» Problem to work on: Every line below is to be copied exactly, with the pictures left out.

» Dataset extract:
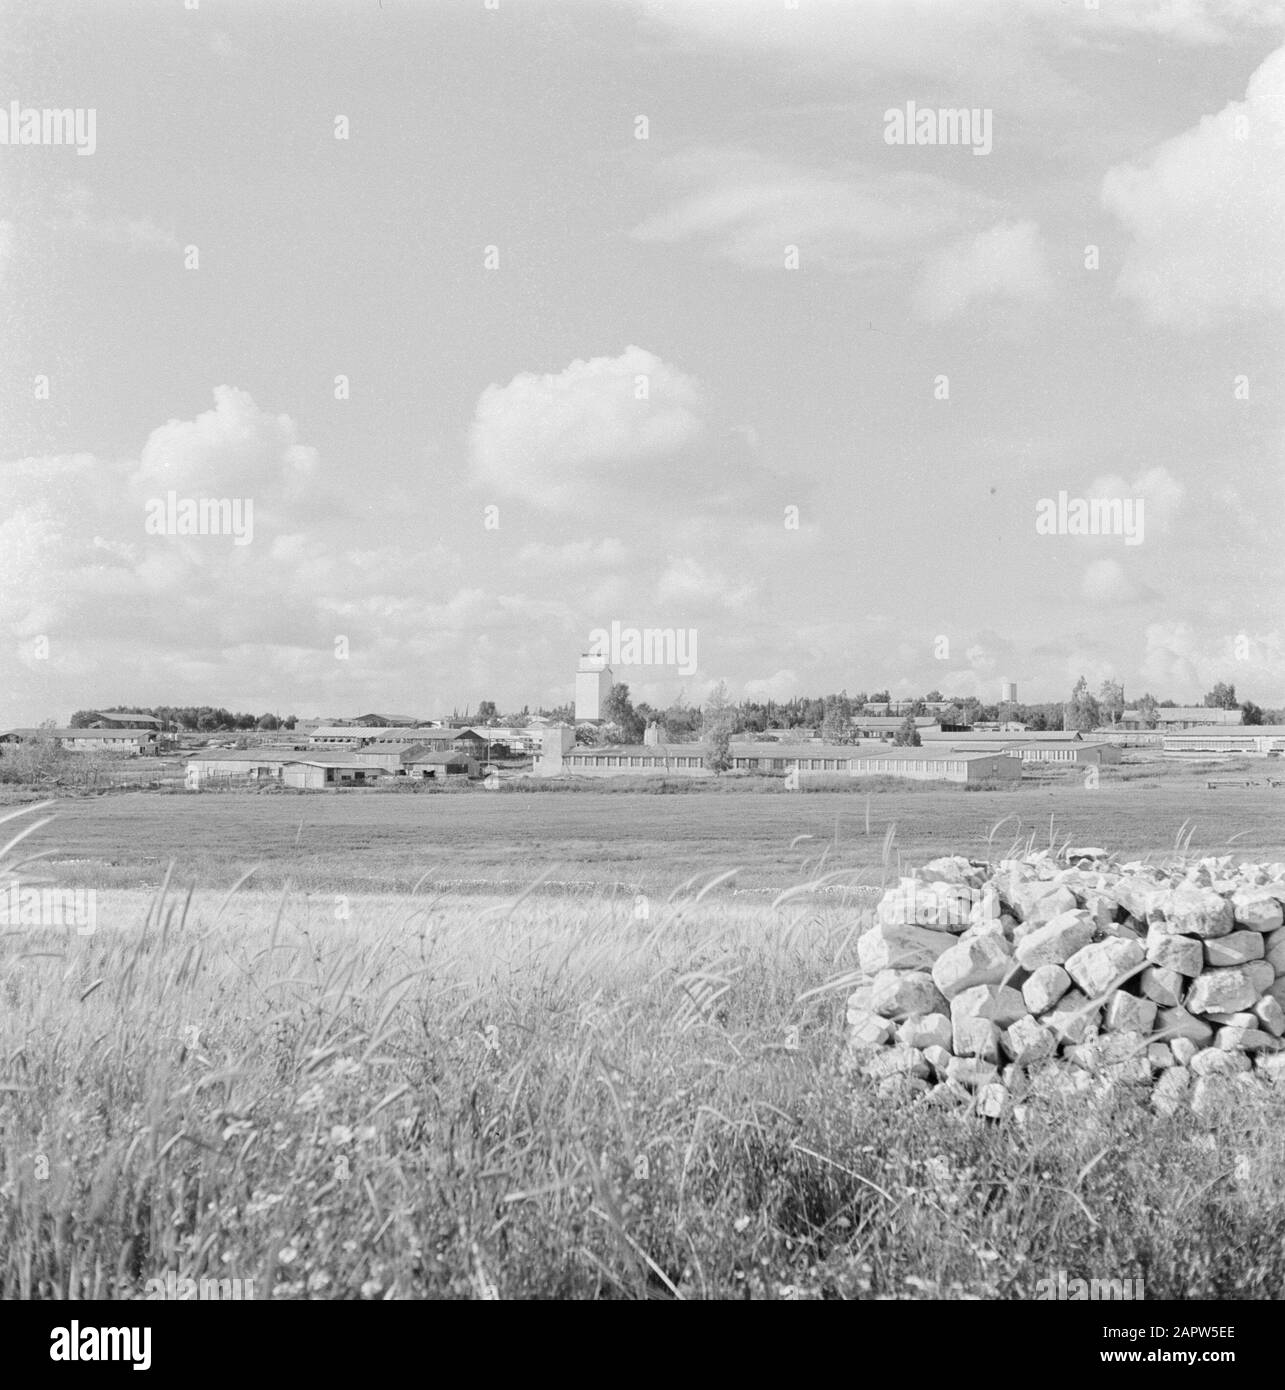 Israel 1964-1965. Gal'ed  Kibbutz Gal'ed. Panorama with the kibbutz in the distance, with in the foreground a field of ripening grain and a heap of stacked stones Annotation: Gal'ed (also called Even Yitzhak) is a kibbutz in northern Israel, located in the plain of Menasse. Date: January 1, 1960 Location: Gal'ed, Israel Keywords: fields, cereals, kibbutz, panoramas Stock Photo
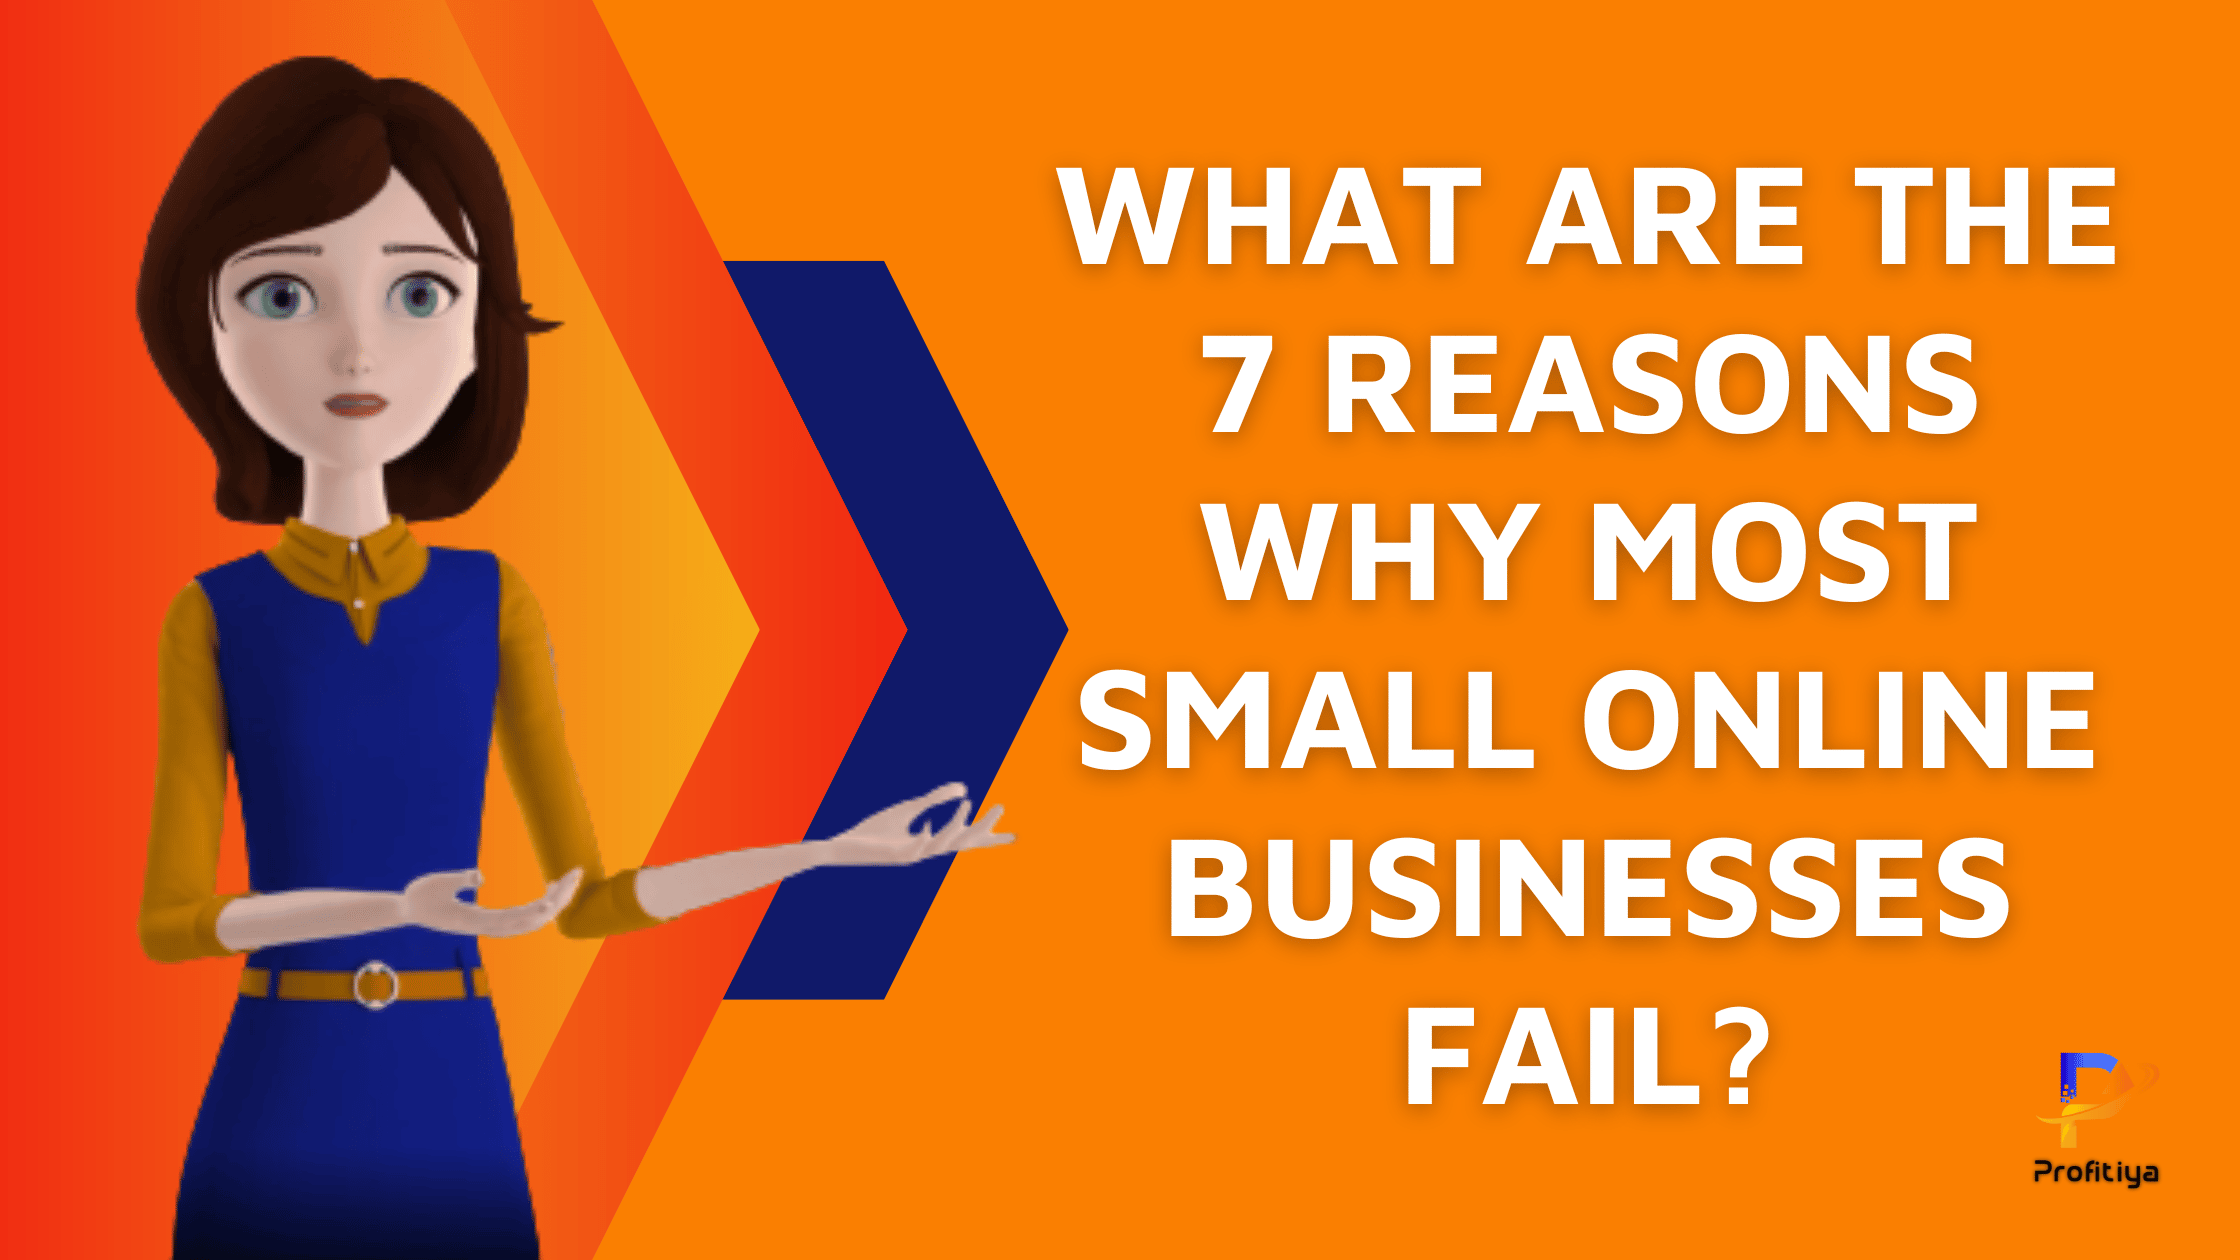 What Are The 7 Reasons Why Most Small Online Businesses Fail?
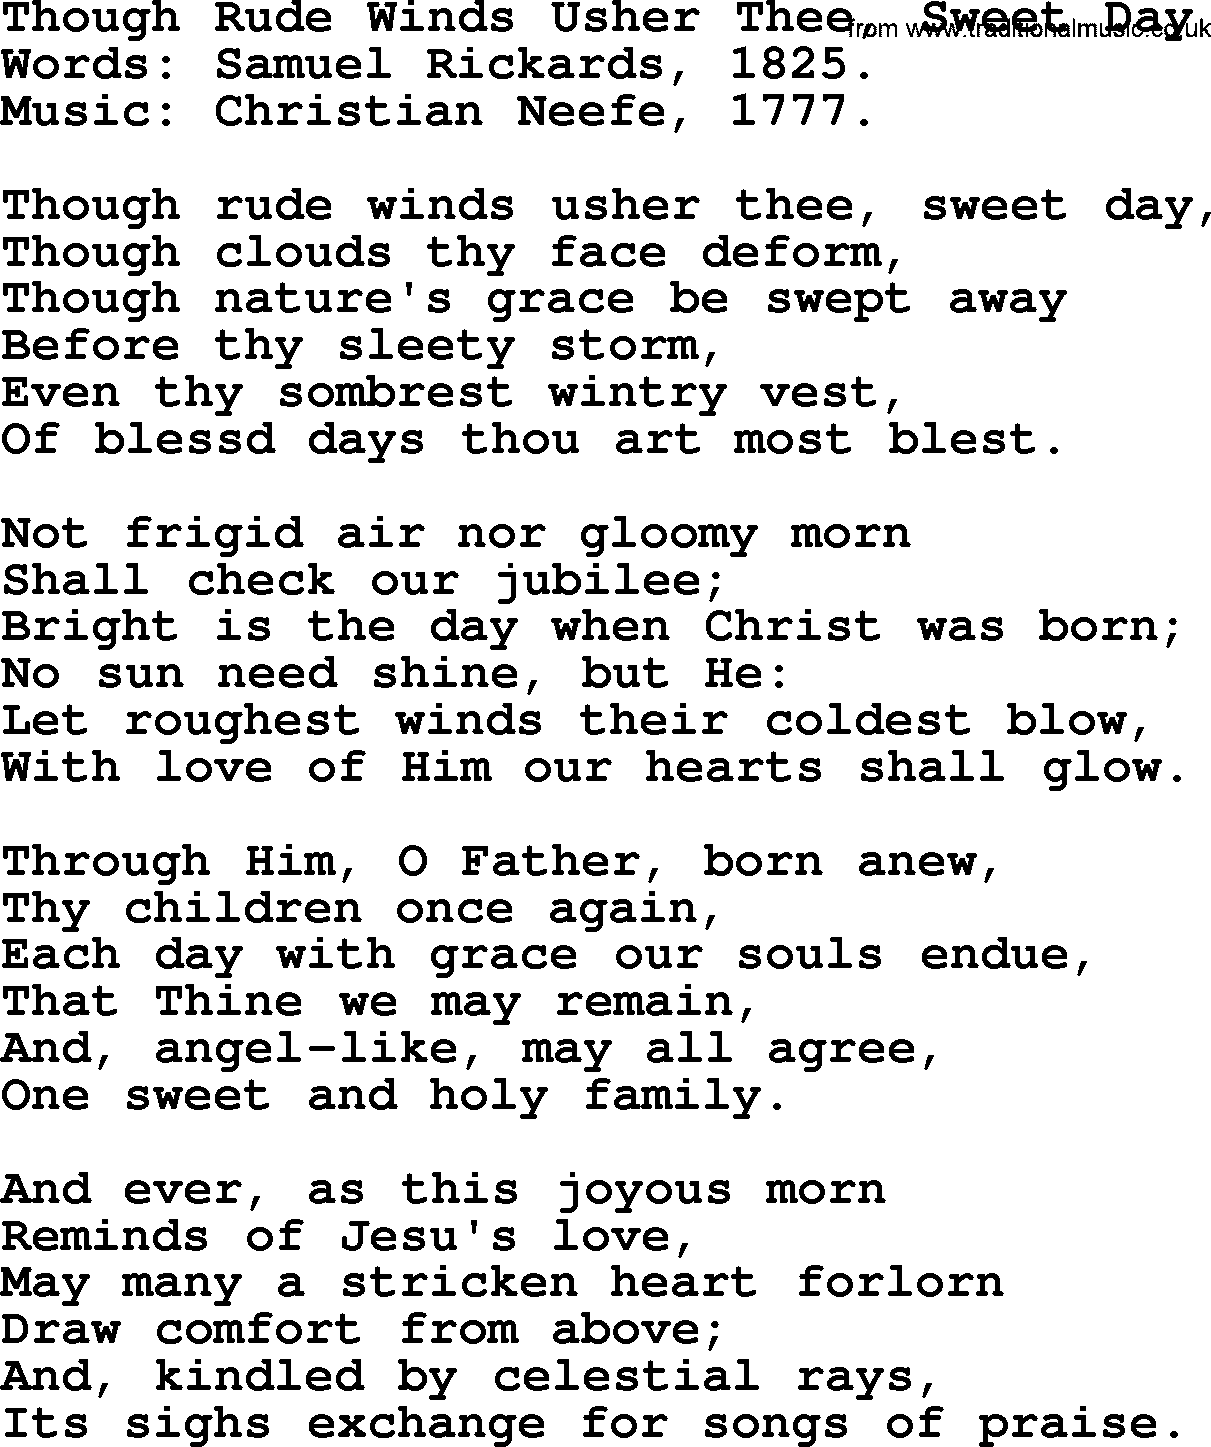 Christmas Hymns, Carols and Songs, title: Though Rude Winds Usher Thee, Sweet Day, lyrics with PDF
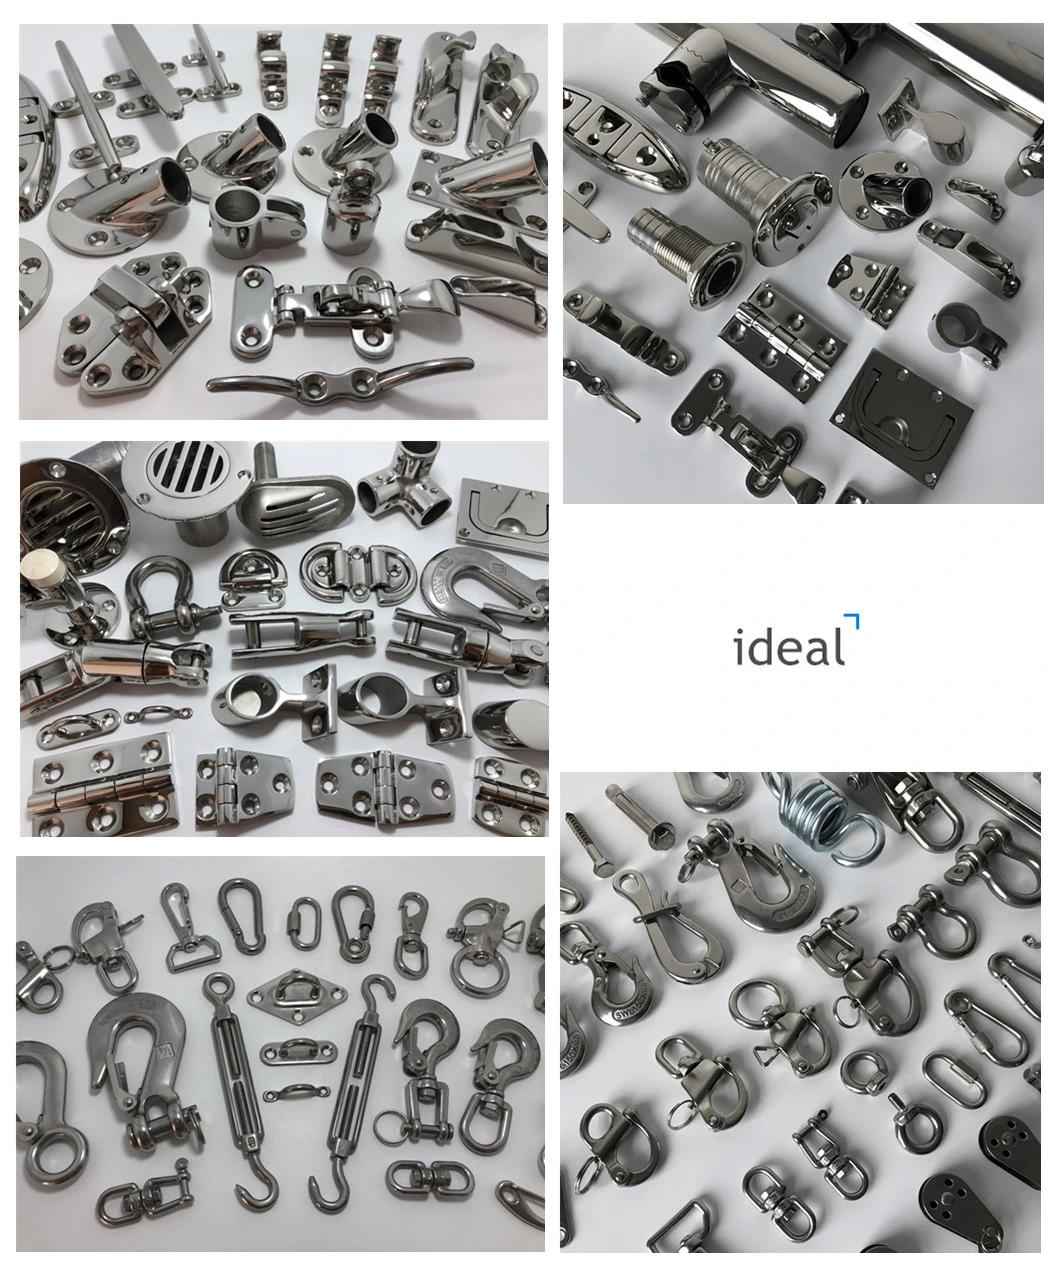 China Metal Parts Fabrication Company Precision Investment Castings

» Result of the exercise:
 Israel 1964-1965. Gal'ed  Kibbutz Gal'ed. Panorama with the kibbutz in the distance, with in the foreground a field of ripening grain and a heap of stacked stones Annotation: Gal'ed (also called Even Yitzhak) is a kibbutz in northern Israel, located in the plain of Menasse. Date: January 1, 1960 Location: Gal'ed, Israel Keywords: fields, cereals, kibbutz, panoramas Stock Photo
 What Are The 7 Reasons Why Most Small Online Businesses Fail?
 Christmas Hymns, Carols and Songs, title: Though Rude Winds Usher Thee, Sweet Day, lyrics with PDF
 China Metal Parts Fabrication Company Precision Investment Castings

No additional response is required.